◆ Activity: What you return must match the data exactly, line for line.

[Records from a data collection]
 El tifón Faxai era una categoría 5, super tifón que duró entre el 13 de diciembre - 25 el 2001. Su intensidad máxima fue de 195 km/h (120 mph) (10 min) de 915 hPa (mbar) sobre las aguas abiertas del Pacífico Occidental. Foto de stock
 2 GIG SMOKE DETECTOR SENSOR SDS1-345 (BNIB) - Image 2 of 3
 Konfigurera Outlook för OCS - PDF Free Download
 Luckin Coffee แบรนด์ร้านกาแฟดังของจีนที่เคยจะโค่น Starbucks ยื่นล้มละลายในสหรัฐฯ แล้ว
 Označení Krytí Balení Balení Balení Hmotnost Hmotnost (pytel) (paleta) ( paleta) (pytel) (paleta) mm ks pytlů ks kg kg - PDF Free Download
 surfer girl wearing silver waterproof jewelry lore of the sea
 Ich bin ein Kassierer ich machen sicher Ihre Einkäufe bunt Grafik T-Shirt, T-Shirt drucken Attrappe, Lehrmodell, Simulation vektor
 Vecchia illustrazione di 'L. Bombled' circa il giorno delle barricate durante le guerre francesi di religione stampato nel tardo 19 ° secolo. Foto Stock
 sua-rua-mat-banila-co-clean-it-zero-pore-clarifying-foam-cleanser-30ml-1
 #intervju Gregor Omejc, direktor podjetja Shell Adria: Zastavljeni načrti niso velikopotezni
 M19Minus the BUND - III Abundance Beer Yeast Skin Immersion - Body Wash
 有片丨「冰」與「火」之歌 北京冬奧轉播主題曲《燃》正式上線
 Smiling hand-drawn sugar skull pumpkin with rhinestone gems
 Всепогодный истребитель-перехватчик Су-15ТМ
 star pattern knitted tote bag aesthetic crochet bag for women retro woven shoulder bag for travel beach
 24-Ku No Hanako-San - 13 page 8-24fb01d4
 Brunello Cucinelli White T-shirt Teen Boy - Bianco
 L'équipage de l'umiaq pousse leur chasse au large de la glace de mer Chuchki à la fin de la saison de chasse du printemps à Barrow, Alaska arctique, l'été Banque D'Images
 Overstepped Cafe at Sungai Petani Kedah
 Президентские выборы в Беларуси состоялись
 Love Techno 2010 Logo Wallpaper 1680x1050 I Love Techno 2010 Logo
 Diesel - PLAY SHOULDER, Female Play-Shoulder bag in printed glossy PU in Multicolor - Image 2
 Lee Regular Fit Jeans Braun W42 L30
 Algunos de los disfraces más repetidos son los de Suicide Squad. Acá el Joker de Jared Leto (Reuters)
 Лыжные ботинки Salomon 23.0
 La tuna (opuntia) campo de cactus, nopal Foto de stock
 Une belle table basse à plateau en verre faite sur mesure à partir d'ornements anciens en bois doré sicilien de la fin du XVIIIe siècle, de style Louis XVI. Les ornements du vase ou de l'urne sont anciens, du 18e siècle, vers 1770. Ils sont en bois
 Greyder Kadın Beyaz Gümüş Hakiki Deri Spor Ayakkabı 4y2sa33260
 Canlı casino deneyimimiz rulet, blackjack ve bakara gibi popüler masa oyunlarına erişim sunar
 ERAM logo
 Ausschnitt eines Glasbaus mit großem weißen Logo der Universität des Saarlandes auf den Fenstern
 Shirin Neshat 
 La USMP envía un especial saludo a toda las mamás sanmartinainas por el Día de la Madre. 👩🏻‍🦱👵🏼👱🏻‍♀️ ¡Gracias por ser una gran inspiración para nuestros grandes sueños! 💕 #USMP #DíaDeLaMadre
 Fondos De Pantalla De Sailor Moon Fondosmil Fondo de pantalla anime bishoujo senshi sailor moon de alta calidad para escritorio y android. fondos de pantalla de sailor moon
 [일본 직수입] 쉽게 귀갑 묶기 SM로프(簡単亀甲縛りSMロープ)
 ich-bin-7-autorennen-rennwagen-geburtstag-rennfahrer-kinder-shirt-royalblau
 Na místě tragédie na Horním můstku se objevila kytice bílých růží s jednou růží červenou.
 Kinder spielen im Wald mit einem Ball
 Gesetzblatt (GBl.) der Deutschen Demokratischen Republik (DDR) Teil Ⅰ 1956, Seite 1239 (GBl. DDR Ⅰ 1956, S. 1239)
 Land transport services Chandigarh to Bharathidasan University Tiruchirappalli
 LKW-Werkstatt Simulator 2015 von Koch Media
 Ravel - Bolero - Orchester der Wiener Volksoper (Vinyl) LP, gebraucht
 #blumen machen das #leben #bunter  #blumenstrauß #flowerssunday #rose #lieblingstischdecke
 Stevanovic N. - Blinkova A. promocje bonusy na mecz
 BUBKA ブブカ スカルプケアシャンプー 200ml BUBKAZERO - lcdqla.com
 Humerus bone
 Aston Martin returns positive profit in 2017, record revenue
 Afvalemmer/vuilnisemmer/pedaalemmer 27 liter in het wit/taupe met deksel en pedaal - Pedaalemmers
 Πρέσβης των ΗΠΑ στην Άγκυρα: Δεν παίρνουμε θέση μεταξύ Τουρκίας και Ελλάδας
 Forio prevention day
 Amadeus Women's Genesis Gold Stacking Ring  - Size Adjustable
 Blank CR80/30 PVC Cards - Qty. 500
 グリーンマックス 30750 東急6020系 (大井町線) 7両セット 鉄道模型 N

◆ Response to the task:
 El tifón Faxai era una categoría 5, super tifón que duró entre el 13 de diciembre - 25 el 2001. Su intensidad máxima fue de 195 km/h (120 mph) (10 min) de 915 hPa (mbar) sobre las aguas abiertas del Pacífico Occidental. Foto de stock
 2 GIG SMOKE DETECTOR SENSOR SDS1-345 (BNIB) - Image 2 of 3
 Konfigurera Outlook för OCS - PDF Free Download
 Luckin Coffee แบรนด์ร้านกาแฟดังของจีนที่เคยจะโค่น Starbucks ยื่นล้มละลายในสหรัฐฯ แล้ว
 Označení Krytí Balení Balení Balení Hmotnost Hmotnost (pytel) (paleta) ( paleta) (pytel) (paleta) mm ks pytlů ks kg kg - PDF Free Download
 surfer girl wearing silver waterproof jewelry lore of the sea
 Ich bin ein Kassierer ich machen sicher Ihre Einkäufe bunt Grafik T-Shirt, T-Shirt drucken Attrappe, Lehrmodell, Simulation vektor
 Vecchia illustrazione di 'L. Bombled' circa il giorno delle barricate durante le guerre francesi di religione stampato nel tardo 19 ° secolo. Foto Stock
 sua-rua-mat-banila-co-clean-it-zero-pore-clarifying-foam-cleanser-30ml-1
 #intervju Gregor Omejc, direktor podjetja Shell Adria: Zastavljeni načrti niso velikopotezni
 M19Minus the BUND - III Abundance Beer Yeast Skin Immersion - Body Wash
 有片丨「冰」與「火」之歌 北京冬奧轉播主題曲《燃》正式上線
 Smiling hand-drawn sugar skull pumpkin with rhinestone gems
 Всепогодный истребитель-перехватчик Су-15ТМ
 star pattern knitted tote bag aesthetic crochet bag for women retro woven shoulder bag for travel beach
 24-Ku No Hanako-San - 13 page 8-24fb01d4
 Brunello Cucinelli White T-shirt Teen Boy - Bianco
 L'équipage de l'umiaq pousse leur chasse au large de la glace de mer Chuchki à la fin de la saison de chasse du printemps à Barrow, Alaska arctique, l'été Banque D'Images
 Overstepped Cafe at Sungai Petani Kedah
 Президентские выборы в Беларуси состоялись
 Love Techno 2010 Logo Wallpaper 1680x1050 I Love Techno 2010 Logo
 Diesel - PLAY SHOULDER, Female Play-Shoulder bag in printed glossy PU in Multicolor - Image 2
 Lee Regular Fit Jeans Braun W42 L30
 Algunos de los disfraces más repetidos son los de Suicide Squad. Acá el Joker de Jared Leto (Reuters)
 Лыжные ботинки Salomon 23.0
 La tuna (opuntia) campo de cactus, nopal Foto de stock
 Une belle table basse à plateau en verre faite sur mesure à partir d'ornements anciens en bois doré sicilien de la fin du XVIIIe siècle, de style Louis XVI. Les ornements du vase ou de l'urne sont anciens, du 18e siècle, vers 1770. Ils sont en bois
 Greyder Kadın Beyaz Gümüş Hakiki Deri Spor Ayakkabı 4y2sa33260
 Canlı casino deneyimimiz rulet, blackjack ve bakara gibi popüler masa oyunlarına erişim sunar
 ERAM logo
 Ausschnitt eines Glasbaus mit großem weißen Logo der Universität des Saarlandes auf den Fenstern
 Shirin Neshat 
 La USMP envía un especial saludo a toda las mamás sanmartinainas por el Día de la Madre. 👩🏻‍🦱👵🏼👱🏻‍♀️ ¡Gracias por ser una gran inspiración para nuestros grandes sueños! 💕 #USMP #DíaDeLaMadre
 Fondos De Pantalla De Sailor Moon Fondosmil Fondo de pantalla anime bishoujo senshi sailor moon de alta calidad para escritorio y android. fondos de pantalla de sailor moon
 [일본 직수입] 쉽게 귀갑 묶기 SM로프(簡単亀甲縛りSMロープ)
 ich-bin-7-autorennen-rennwagen-geburtstag-rennfahrer-kinder-shirt-royalblau
 Na místě tragédie na Horním můstku se objevila kytice bílých růží s jednou růží červenou.
 Kinder spielen im Wald mit einem Ball
 Gesetzblatt (GBl.) der Deutschen Demokratischen Republik (DDR) Teil Ⅰ 1956, Seite 1239 (GBl. DDR Ⅰ 1956, S. 1239)
 Land transport services Chandigarh to Bharathidasan University Tiruchirappalli
 LKW-Werkstatt Simulator 2015 von Koch Media
 Ravel - Bolero - Orchester der Wiener Volksoper (Vinyl) LP, gebraucht
 #blumen machen das #leben #bunter  #blumenstrauß #flowerssunday #rose #lieblingstischdecke
 Stevanovic N. - Blinkova A. promocje bonusy na mecz
 BUBKA ブブカ スカルプケアシャンプー 200ml BUBKAZERO - lcdqla.com
 Humerus bone
 Aston Martin returns positive profit in 2017, record revenue
 Afvalemmer/vuilnisemmer/pedaalemmer 27 liter in het wit/taupe met deksel en pedaal - Pedaalemmers
 Πρέσβης των ΗΠΑ στην Άγκυρα: Δεν παίρνουμε θέση μεταξύ Τουρκίας και Ελλάδας
 Forio prevention day
 Amadeus Women's Genesis Gold Stacking Ring  - Size Adjustable
 Blank CR80/30 PVC Cards - Qty. 500
 グリーンマックス 30750 東急6020系 (大井町線) 7両セット 鉄道模型 N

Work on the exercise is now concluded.